The Poverty-Related Diseases College (PRDC) was a virtual African-European college created to give supplementary training to the doctors, health scientists and policymakers of tomorrow's developing world. PRDC aimed at enhancing exchange, and increasing knowledge and experience in PRD in order to build sustainable career opportunities for young biomedical scientists in Africa. PRDC merged theoretical teaching with hands-on experience in new skills and technologies, and provided this as a training programme to young researchers with different scientific backgrounds in Africa and Europe. The connection between basic and applied sciences was achieved by programming research electives within the context of the disease burden in Africa. The forging of South-North and South-South networks was considered an essential part of career development. The final and long-term goal was to build scientific capacity in poverty-related biomedical research in Africa, and to contribute to the development of highly motivated scientists embedded in and sustained by international networks. These scientists will act as the future trainers of the next generation of scientists in their own countries or contribute to health policies by their thorough understanding of fundamental and applied biomedical sciences in an African context.

The objective of this analysis paper is to present our experiences as an example of scientists and funders jointly inspired to develop sustainable scientific capacity and networks that address the medical needs of the poor in Africa.

The Poverty-Related Diseases College

Scope, structure and aims

The PRDC consortium was a virtual institute comprising five African and five European institutions providing a comprehensive training programme in scientific, technical and soft skills to a selected group of African and European biomedical research fellows. The structure of PRDC is shown in figure 1.

Figure 1

Structure of organisation of PRDC and origin of fellows and faculty. FP7, Seventh Framework Programme. PRDC, The Poverty-Related Diseases College.

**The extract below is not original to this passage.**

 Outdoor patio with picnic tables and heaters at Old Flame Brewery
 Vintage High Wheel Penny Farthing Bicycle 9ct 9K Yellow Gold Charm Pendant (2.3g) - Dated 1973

The training programme consisted of a modular training curriculum (figure 2), preparing the fellows for a ‘reality check’ in Africa, followed by a science exchange programme at research laboratories in Europe and the USA and finalised by ‘outlook’ activities. The programme was guided by the following aims: (1) training and mentoring of future students by the fellows, (2) building sustainable research careers, (3) building networks around PRD, (4) specific training in advanced scientific technologies useful in PRD research and (5) improving cultural understanding.

Figure 2

Overview of the various modules of the PRDC programme. PRDC, The Poverty-Related Diseases College.

The funder

The programme was funded by the European Commission's FP7 within the funding scheme, Coordination and Support Action (call topic: ‘HEALTH-2007-2.3.2-14—Next generation of researchers for HIV/AIDS, malaria, tuberculosis and neglected infectious diseases’). The programme started in July 2009 and was completed in March 2013.

The faculty

The faculty of PRDC was composed by an African coordinator, the University of Yaoundé I, Cameroon, and supported by principal investigators (PI) originating from five African research centres and four European institutions, all involved in different areas of scientific research and medical aspects of infectious-related and PRDs (see figure 1). The PIs undertook the task of organising and implementing the different joint courses, developing the topics and selecting the advisory group and the fellows. In addition, they facilitated the reality check, science exchange and outlook activities.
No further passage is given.